In October 2015, FSF allegedly began using third-party software to detect fraudulent wires to external accounts, and FSF believed the software would detect suspicious cash transfers. According to the SEC, however, the FSF’s software was not calibrated to monitor certain externally initiated ACH payments and detect instances when a FSF advisor assigned to the account was listed as a beneficiary. This alleged deficiency, which FSF reported to the SEC in 2021, led to three of the four named advisors misappropriating over $1.7 million through hundreds of unauthorized ACH transfers.

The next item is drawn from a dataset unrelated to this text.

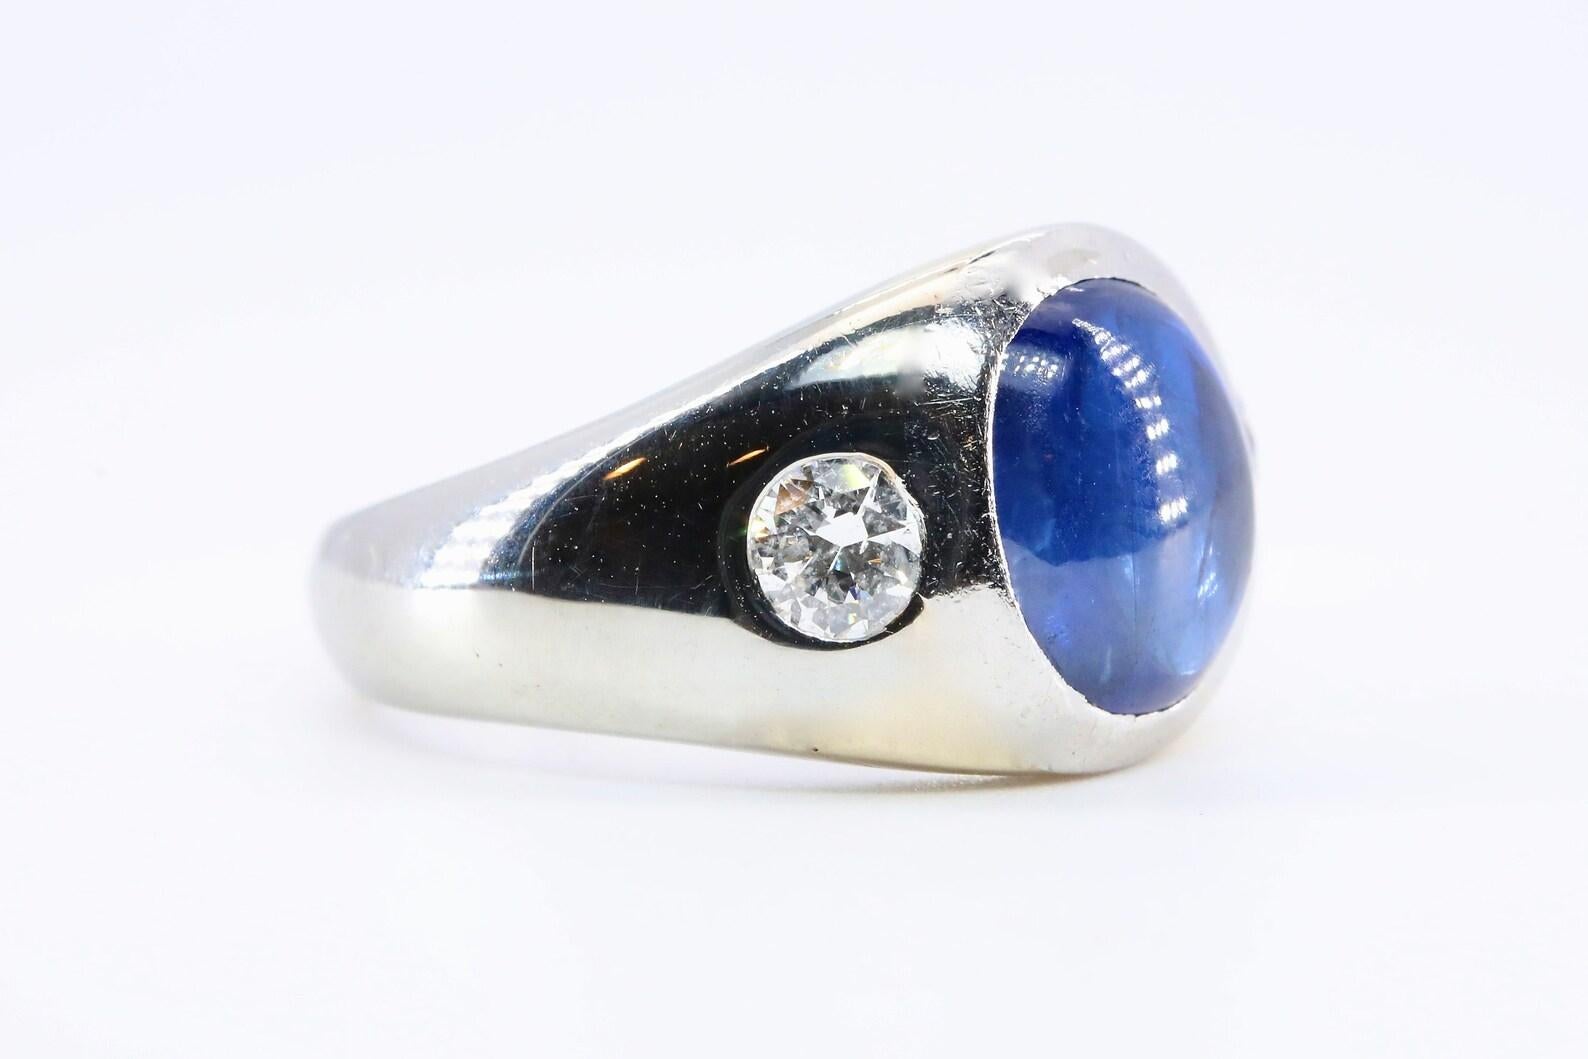 An Art Deco period Burma No Heat sapphire, and diamond ring set in platinum. Centering this ring is an impressive 5 carat No Heat sapphire of Burma origin. The sapphire comes with a GIA certificate, and has also received the rare and highly coveted

Additionally, the SEC alleges that from October 2015 to February 2021, FSF failed to adequately monitor suspicious cash wire transfers to external third-party accounts from unrelated client accounts managed by the advisors. This failure allowed two of the four named advisors to misappropriate millions of dollars.

According to the SEC, FSF learned of the misappropriation in 2019 after a relative of an advisory client raised questions about the client’s account. FSF allegedly terminated the responsible advisor, reported the misappropriation to the Commission staff and law enforcement, and settled with the clients to compensate for their losses.

The SEC found that FSF willfully violated Section 206(4) of the Investment Advisers Act and Rule 206(4)-7 thereunder, which require registered investment advisers to adopt and implement written policies and procedures reasonably designed to prevent violations of the Advisers Act. The SEC also found that FSF failed to supervise the four financial advisors within the meaning of Section 203(e)(6) of the Advisers Act and/or Section 15(b)(4)(E) of the Exchange Act. Without admitting or denying fault, FSF consented to a cease-and-desist order, a censure, retention of a compliance consultant, and the aforementioned civil penalty.